[Chinese Word Segmentation Series] 5. Unsupervised Word Segmentation Based on Language Models

By 苏剑林 | September 12, 2016

So far, the first four articles have introduced several ideas for word segmentation, including dictionary-based methods using maximum probability and character-tagging methods based on HMM or LSTM. These are established research methods; what I have done is simply summarize them. Dictionary-based methods and character-tagging each have their own pros and cons. I have been wondering: can we create an unsupervised word segmentation model that only needs a large-scale corpus for training? That is to say, how to segment should be determined by the corpus itself, independent of the language. Simply put, given enough data, the corpus should tell us how to segment words.

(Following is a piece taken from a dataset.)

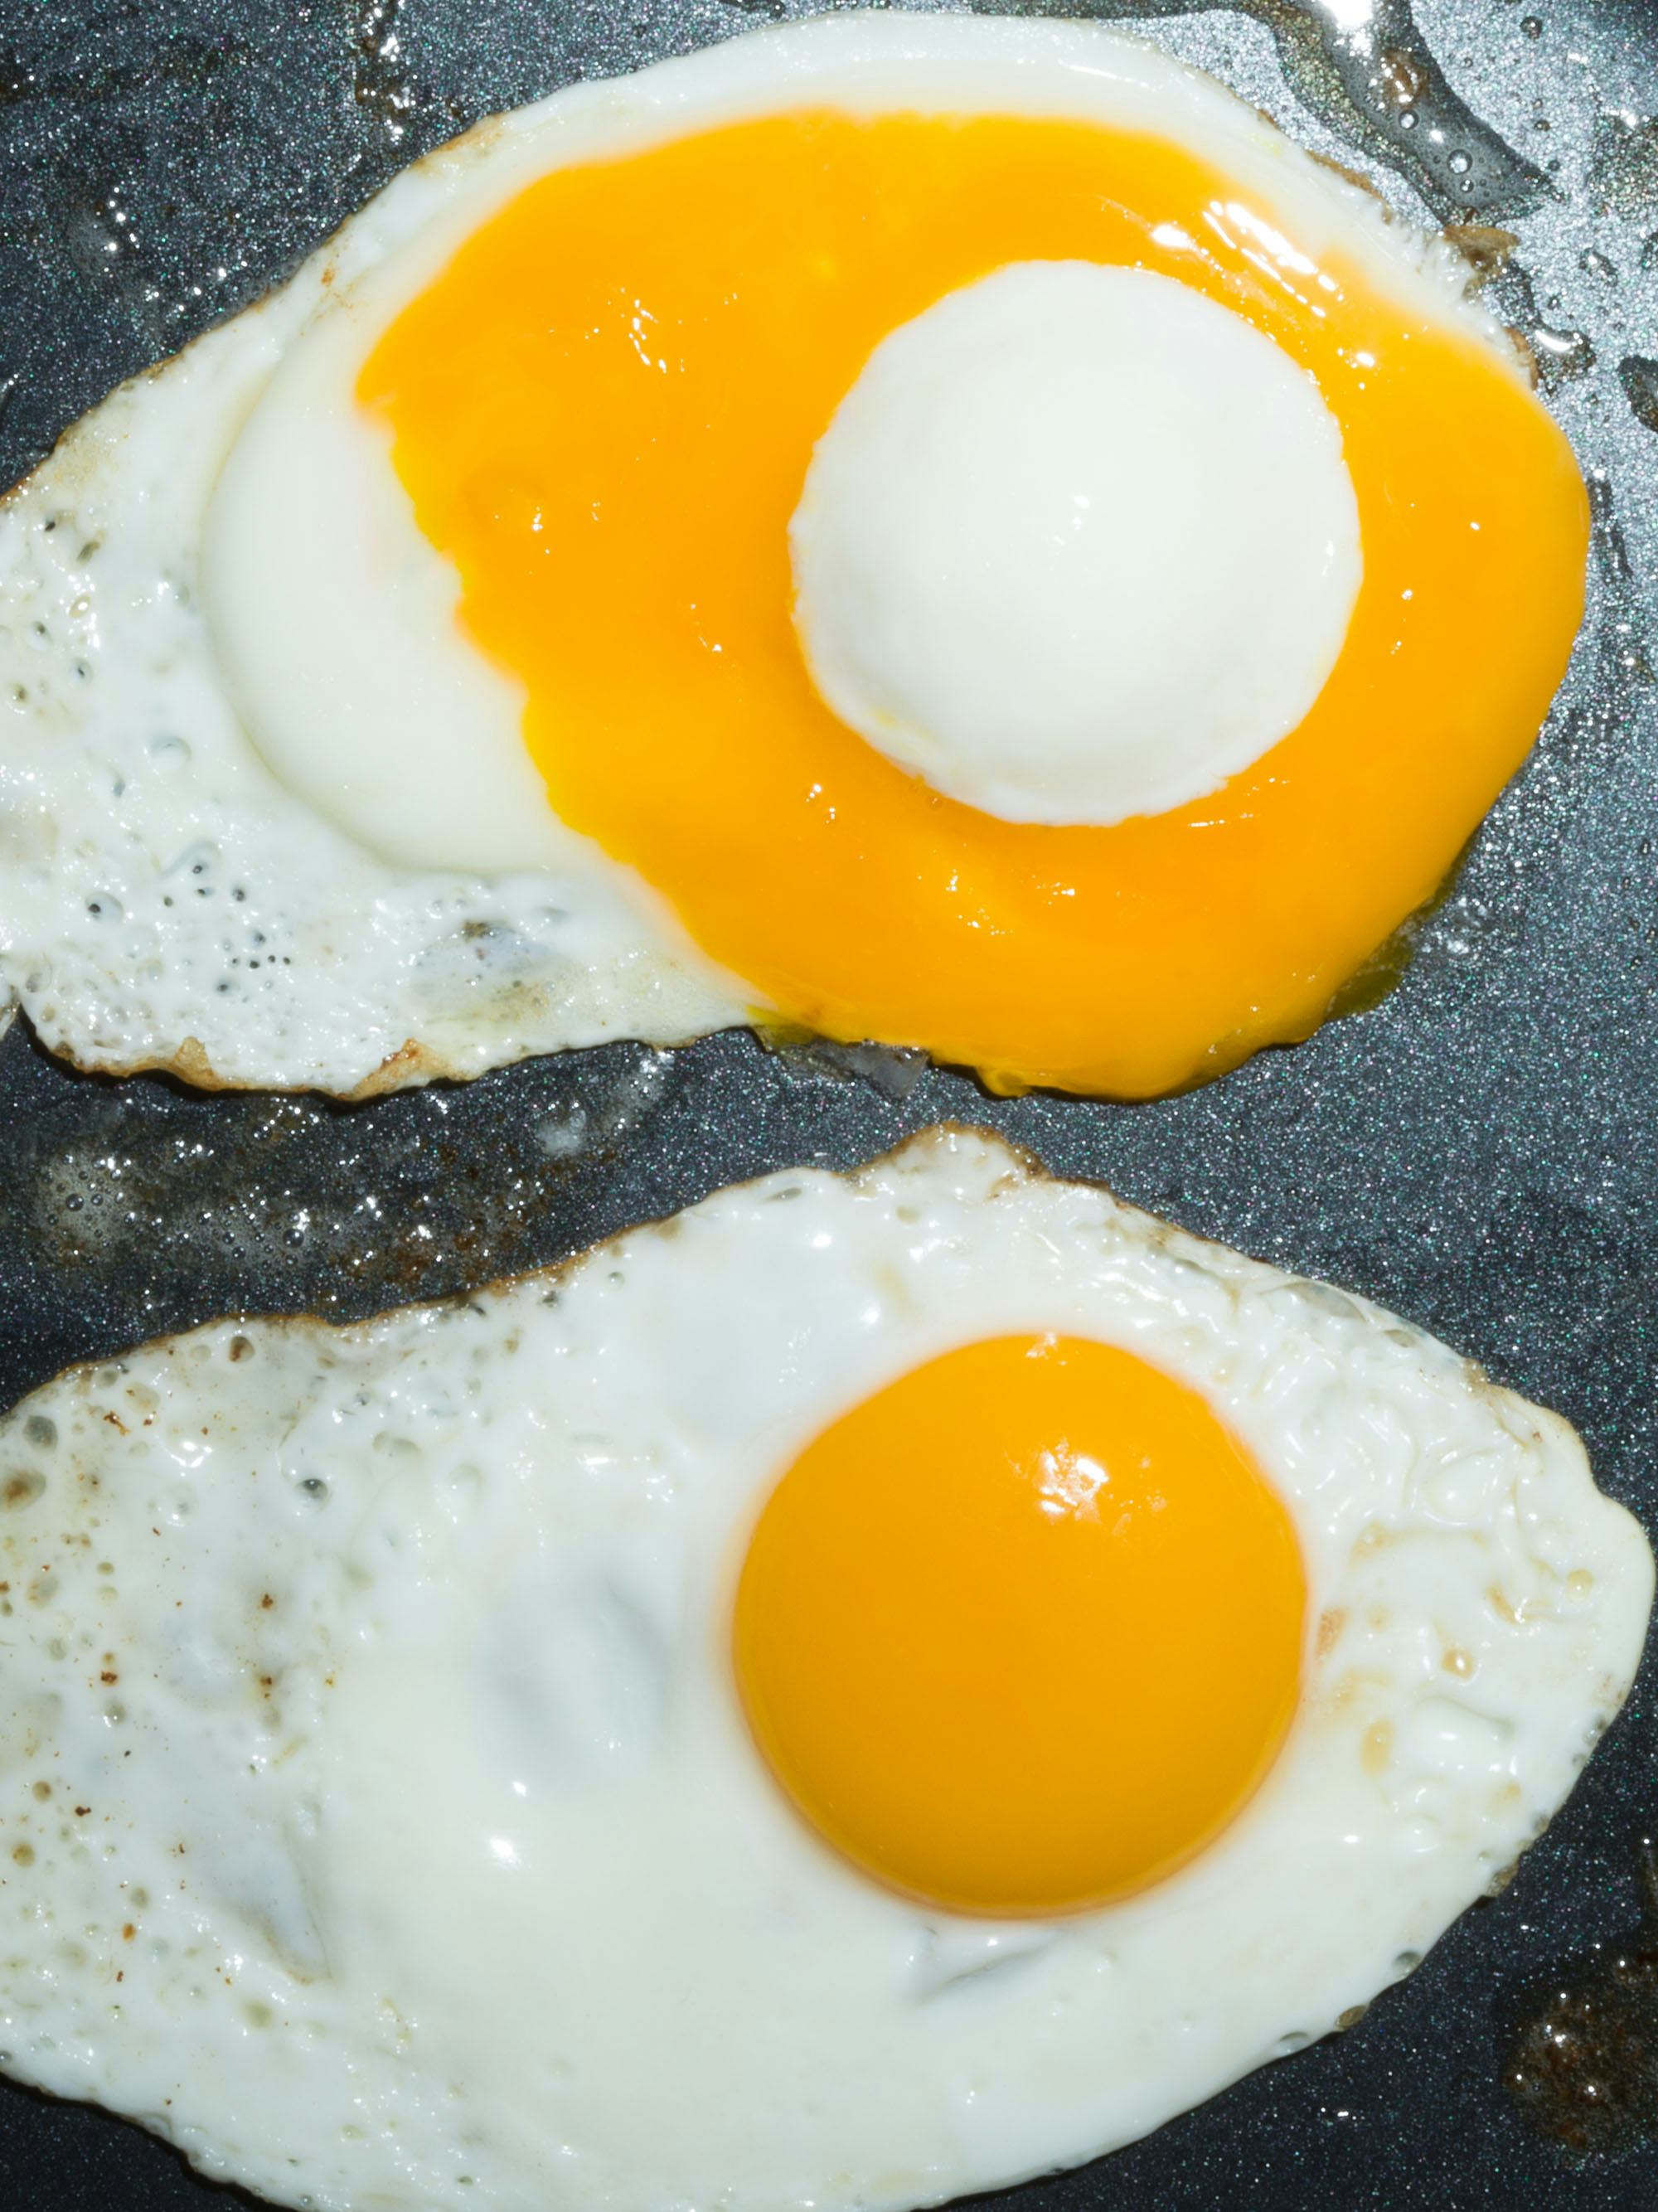 Close-up image of two eggs, with inverted yellow and white yolk © Andrea Orejarena & Caleb Stein

This sounds perfect, but how is it achieved? "2. New Word Discovery Based on Segmentation" provided an initial thought, but it wasn't thorough enough. The new word discovery method there can indeed be seen as a type of unsupervised segmentation approach, as it uses simple "aggregation" (cohesion) to judge whether a cut should be made. However, from the perspective of a full segmentation system, it is far too crude. Therefore, I have been thinking about how to improve this accuracy. I obtained some meaningful results earlier, but hadn't formed a complete theory until recently. I have now completed that line of thought. Since I haven't found similar work elsewhere, this can be considered an original piece of work by me in the field of word segmentation.

Language Models

First, let's briefly discuss language models.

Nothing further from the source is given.